* _Work instructions_
When you copy the material below, keep every line exact and omit the pictures.

* _Information shown_

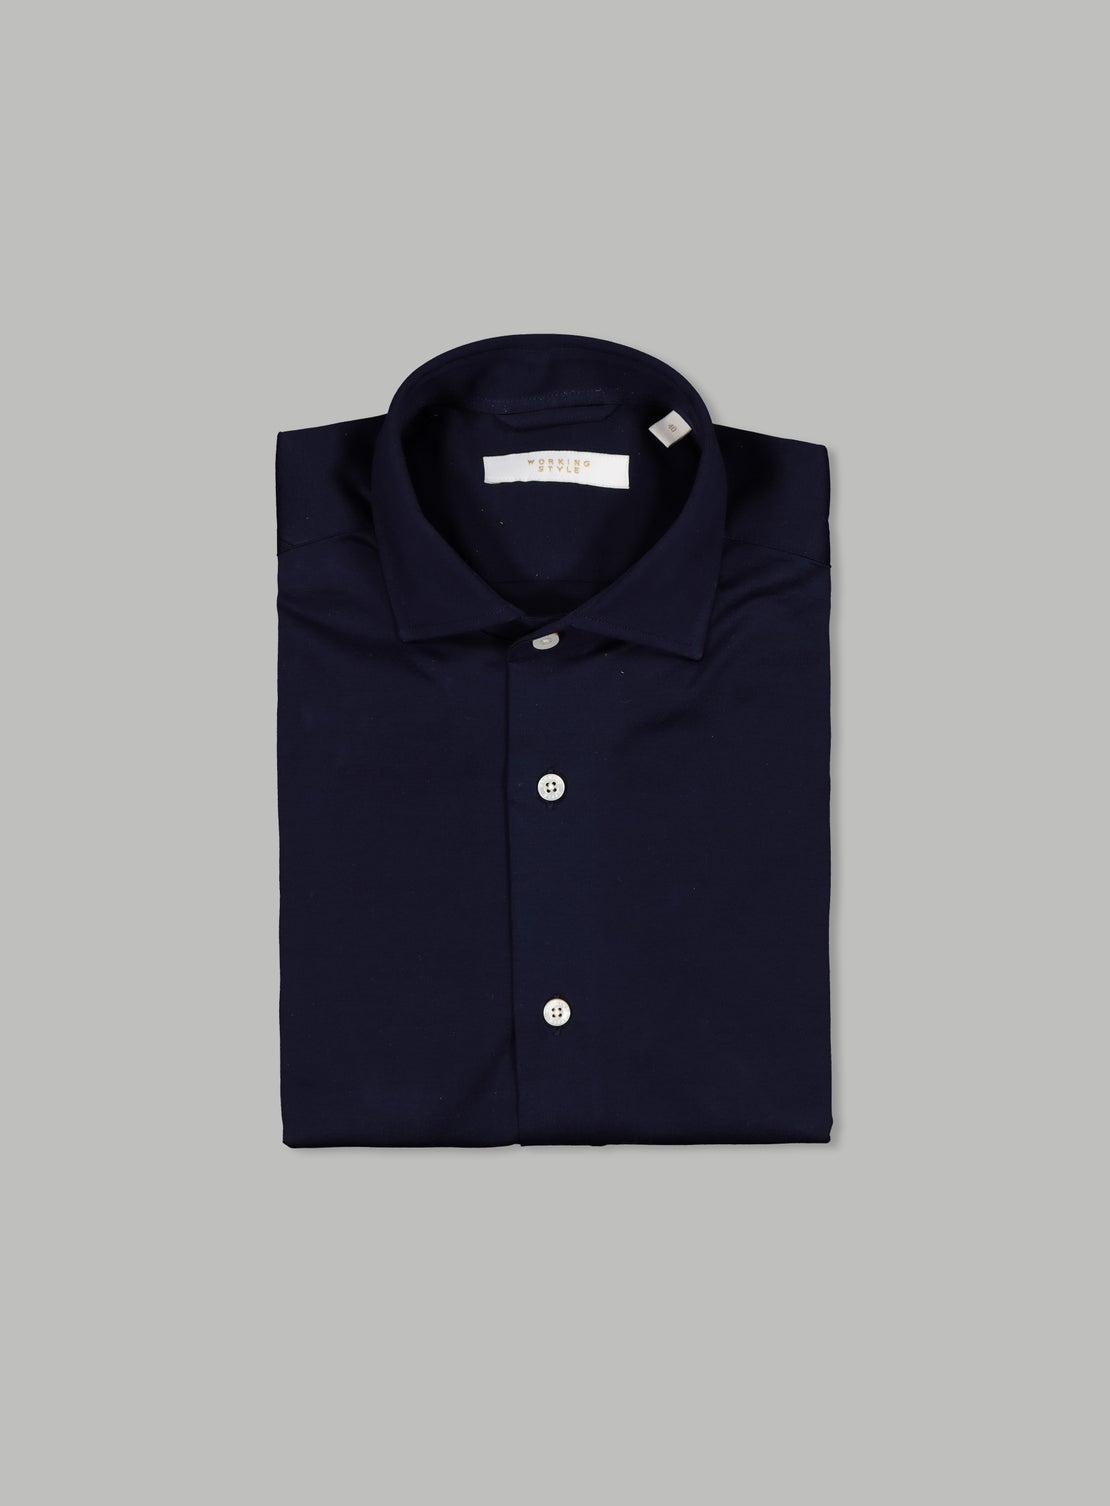 Piero Navy Short Sleeve Shirt
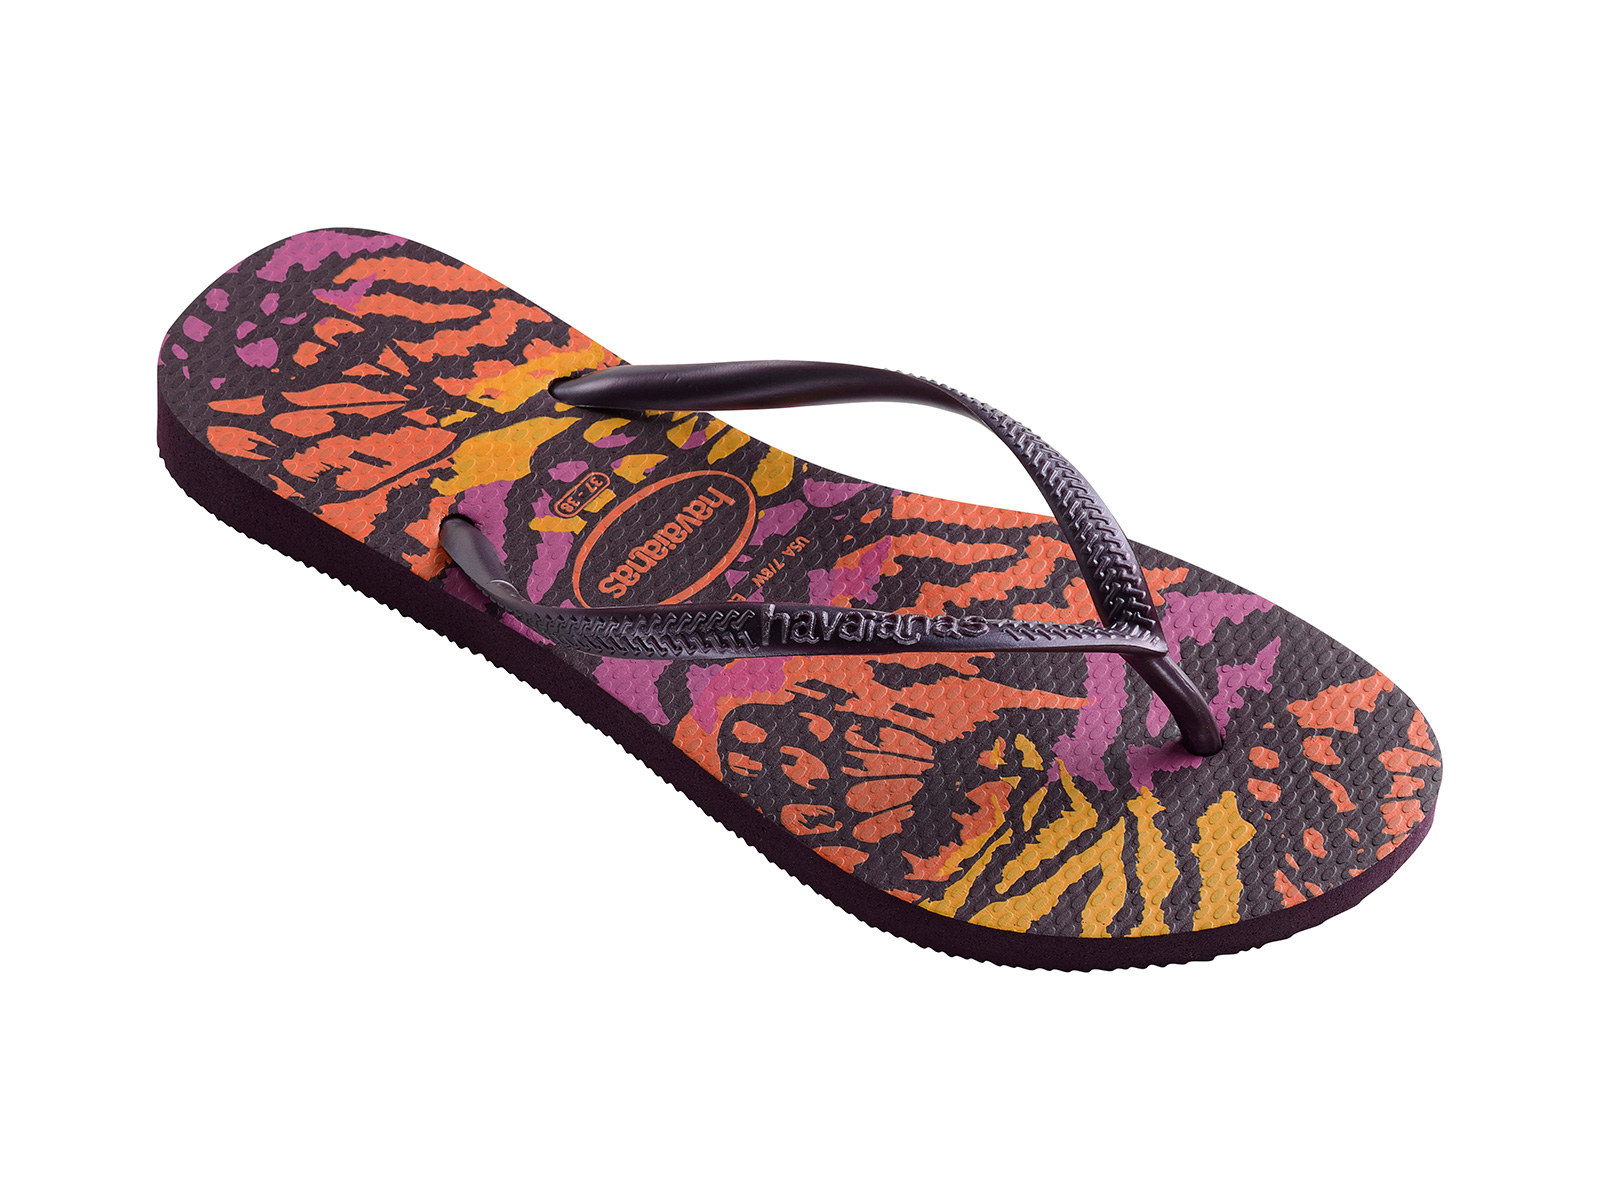 c373011513dff1 Flip-Flops Colorful Animal Print Flip Flops - Slim Animals Aubergine
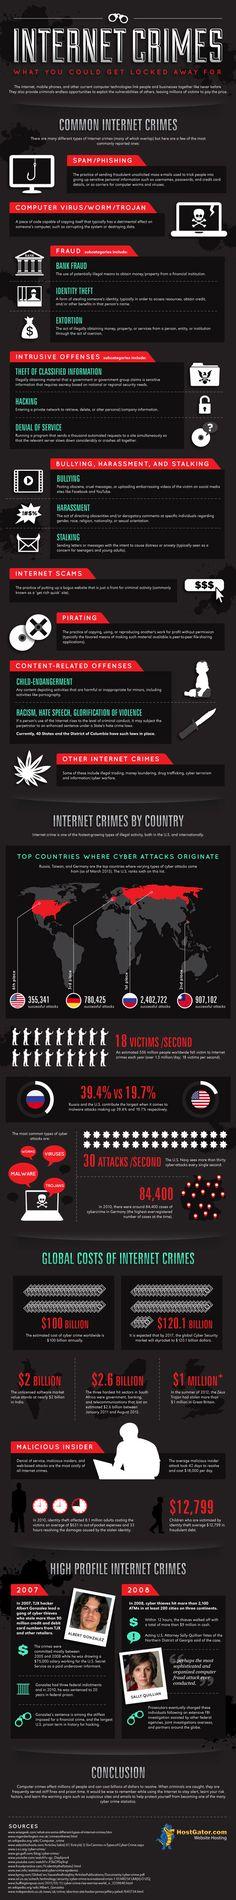 Internet Crimes What

* _Result of this exercise_
 Piero Navy Short Sleeve Shirt
 c373011513dff1 Flip-Flops Colorful Animal Print Flip Flops - Slim Animals Aubergine
 Internet Crimes What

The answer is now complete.